How to complete this task ▸ When you copy the material below, keep every line exact and drop the pictures.

Collected material ▸

'''

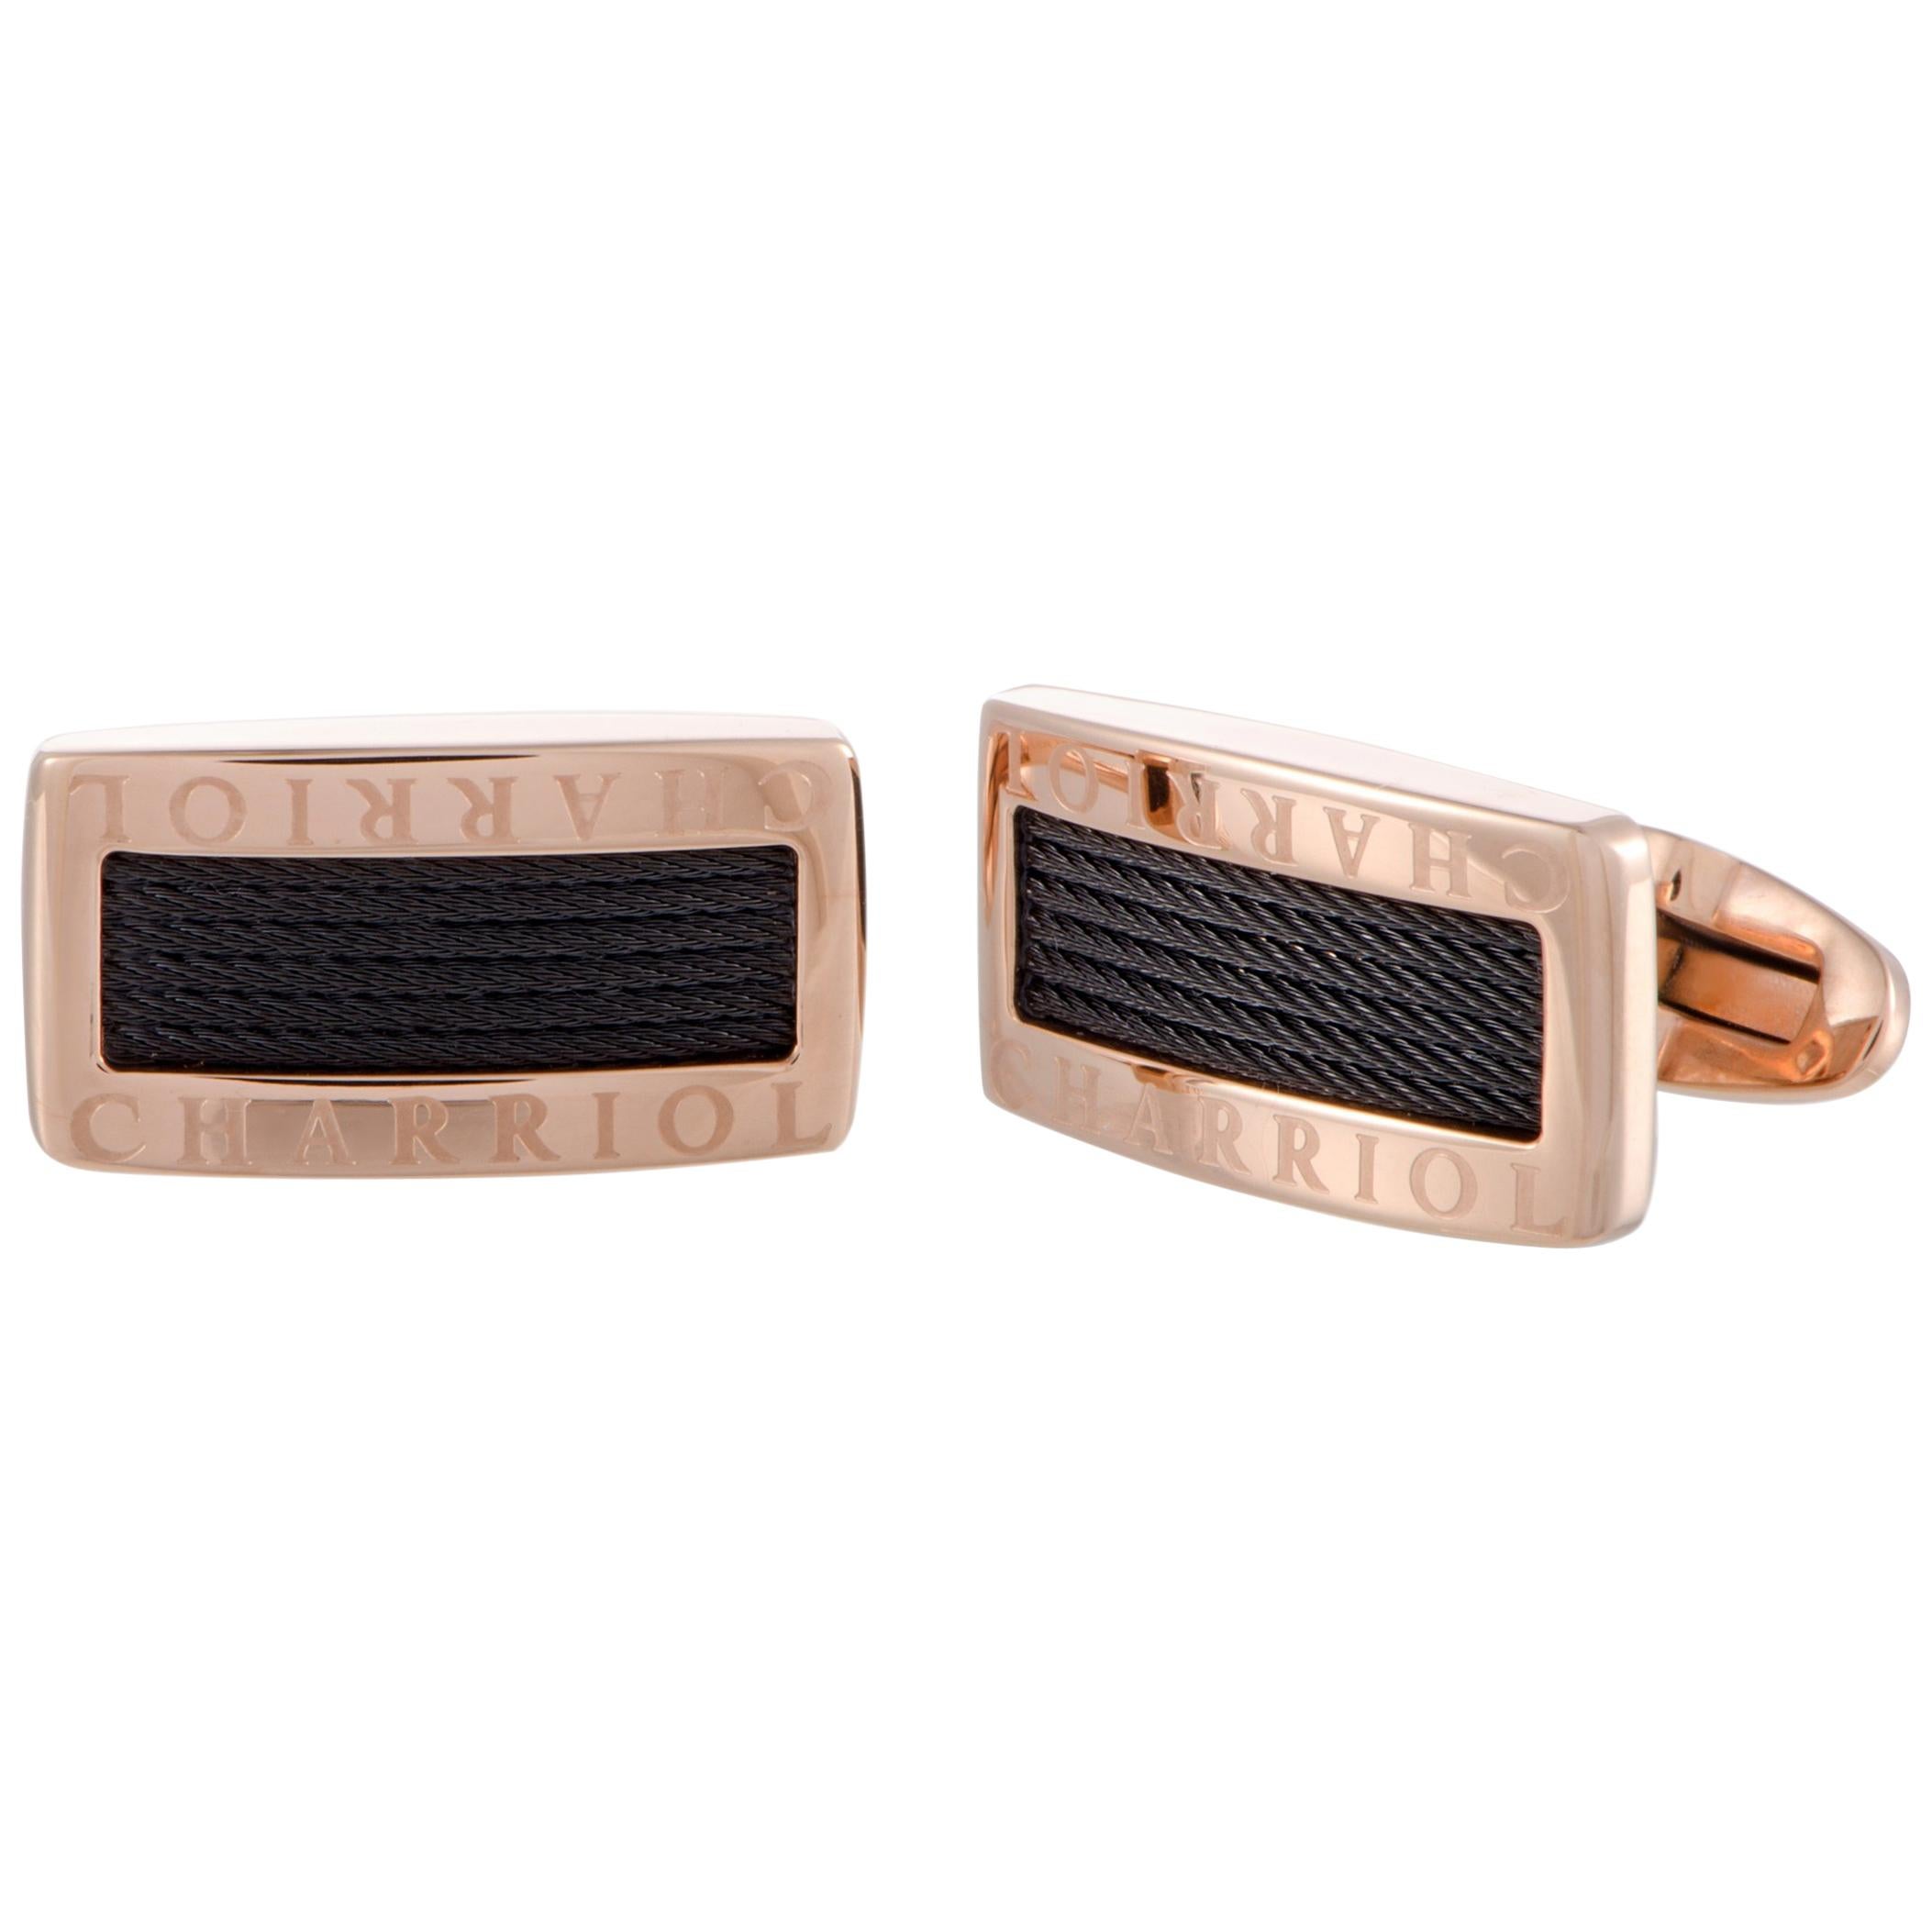 Charriol Celtic Stainless Steel, Gold and Black Rhodium Plated Cufflinks
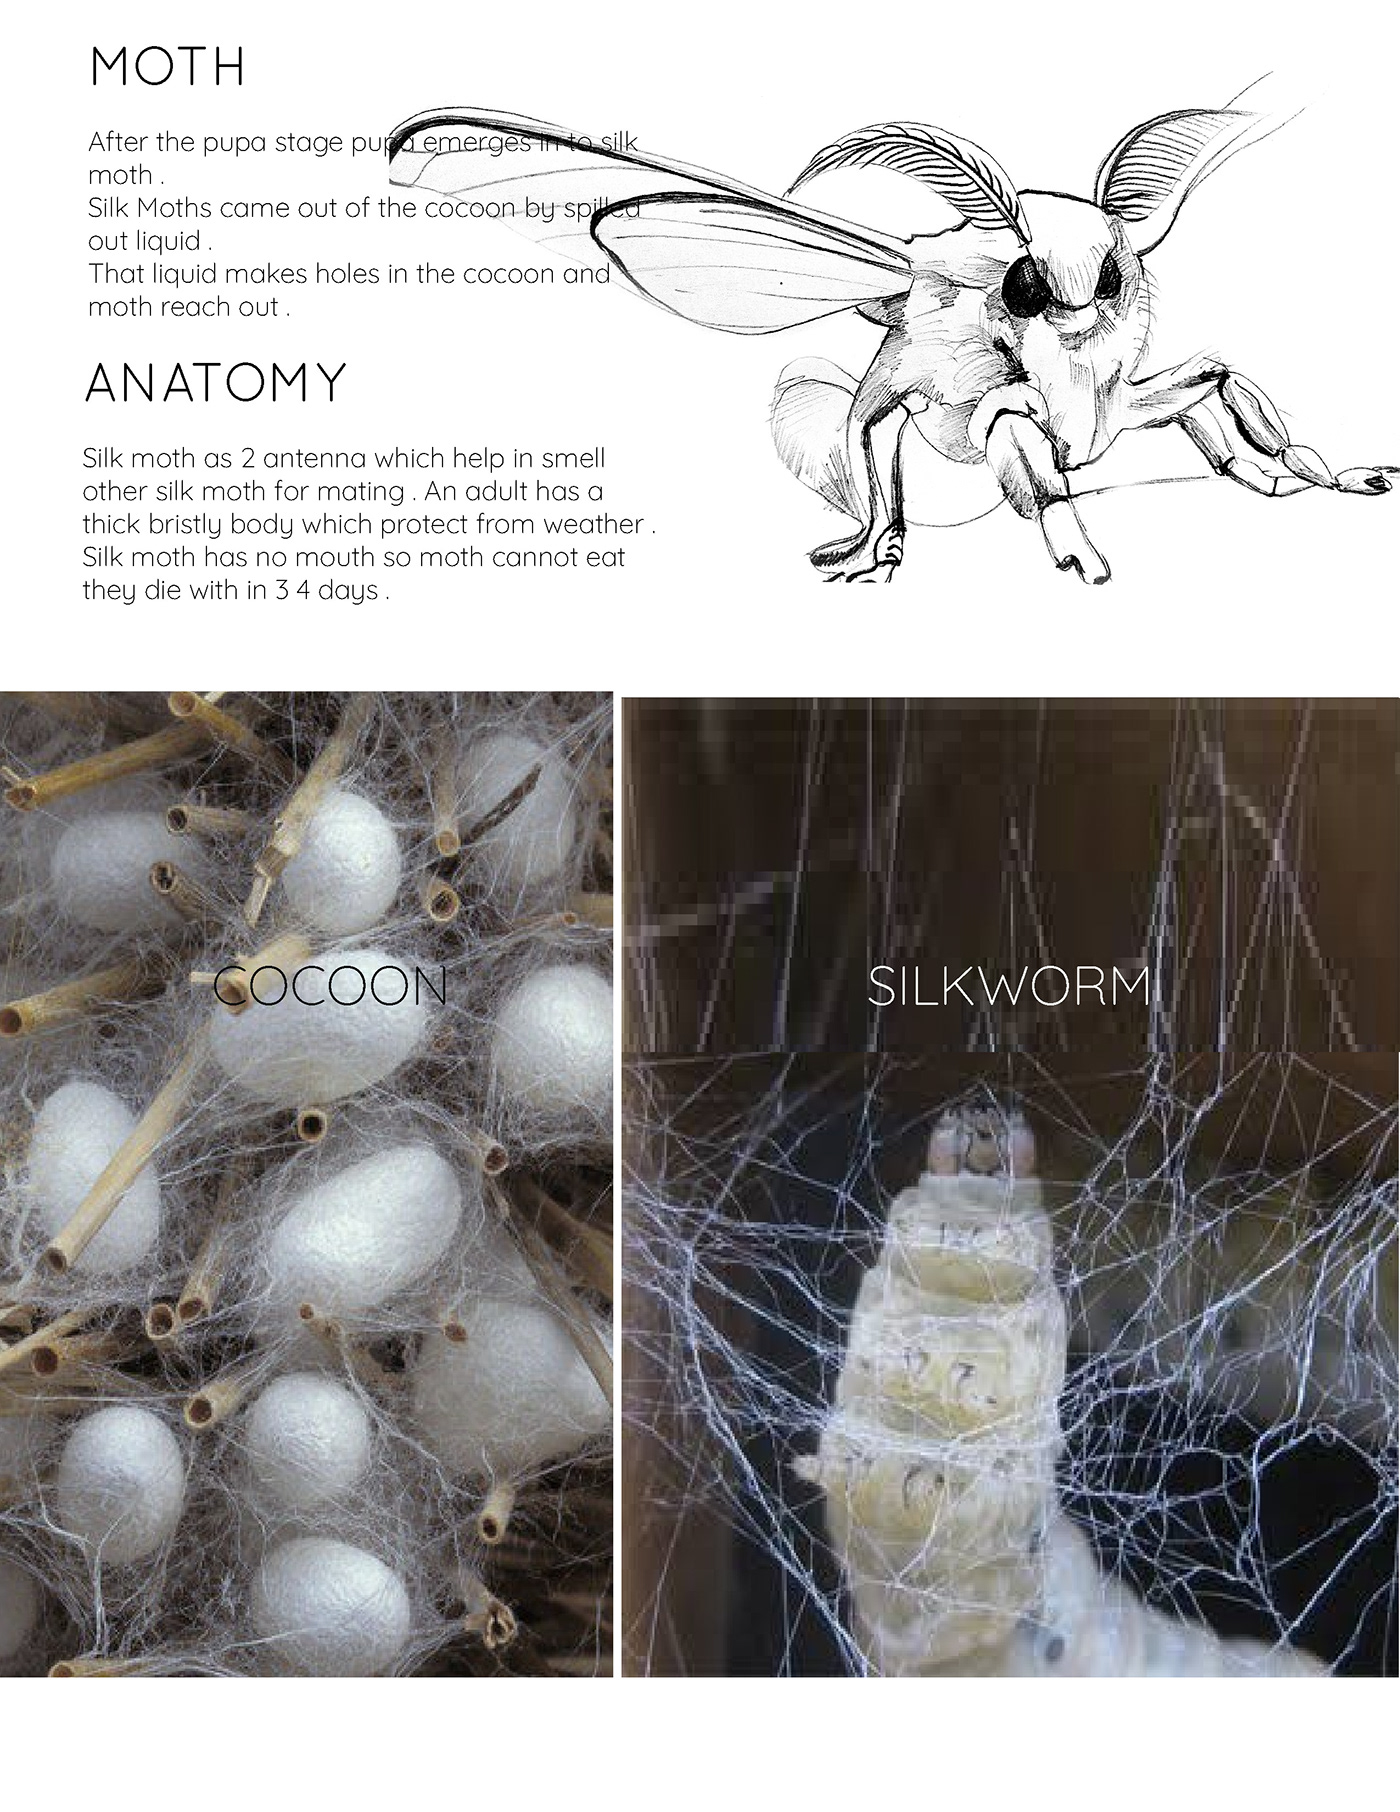 biomimicry insectinspired product design  silkworm
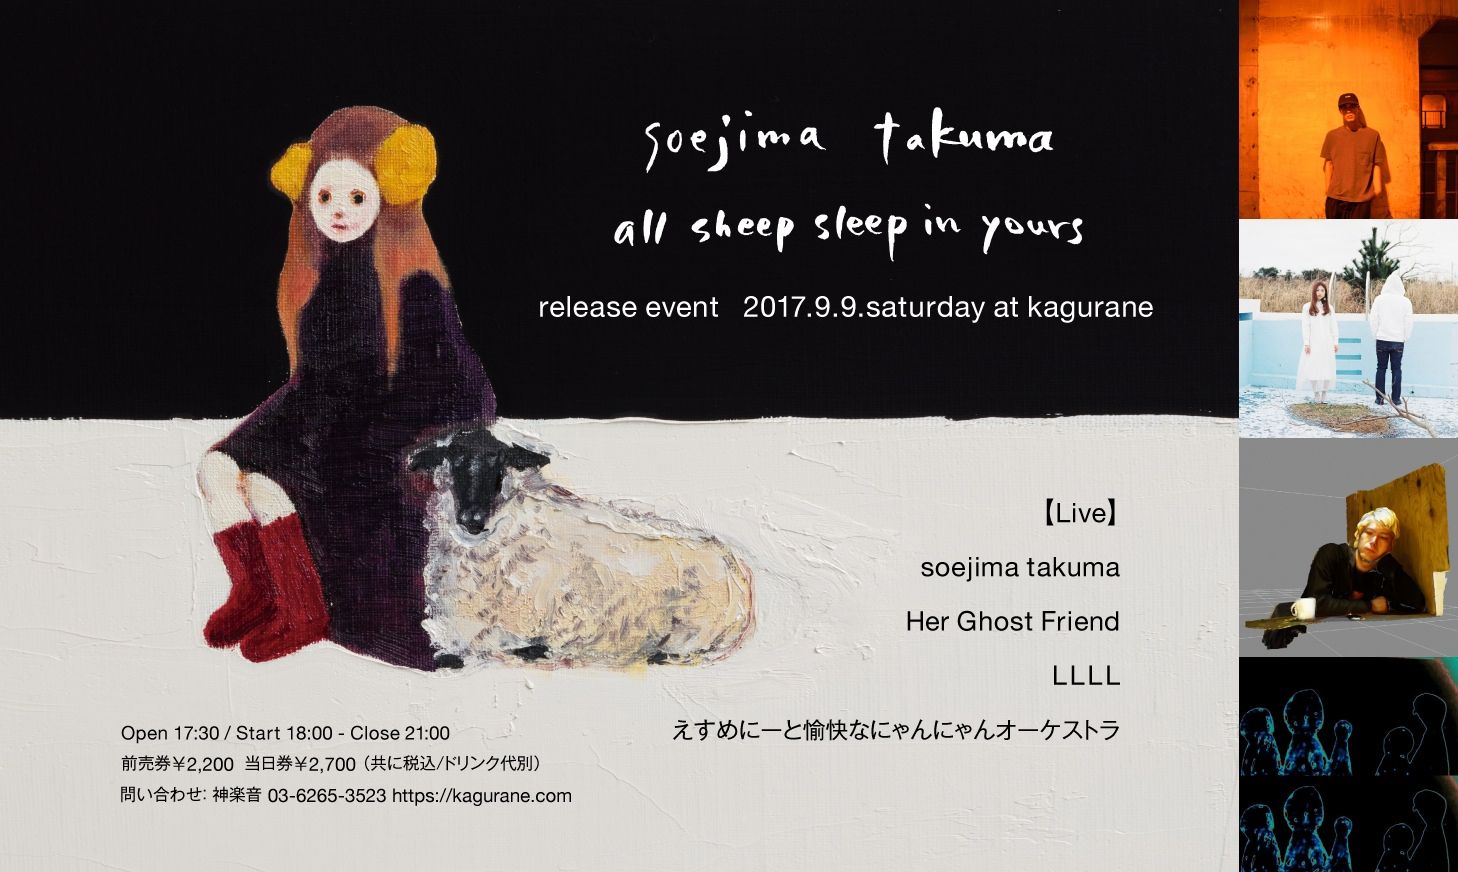 "all sheep sleep in yours" release event

'''

Exercise output ▸
 Charriol Celtic Stainless Steel, Gold and Black Rhodium Plated Cufflinks
 biomimicry insectinspired product design  silkworm
 "all sheep sleep in yours" release event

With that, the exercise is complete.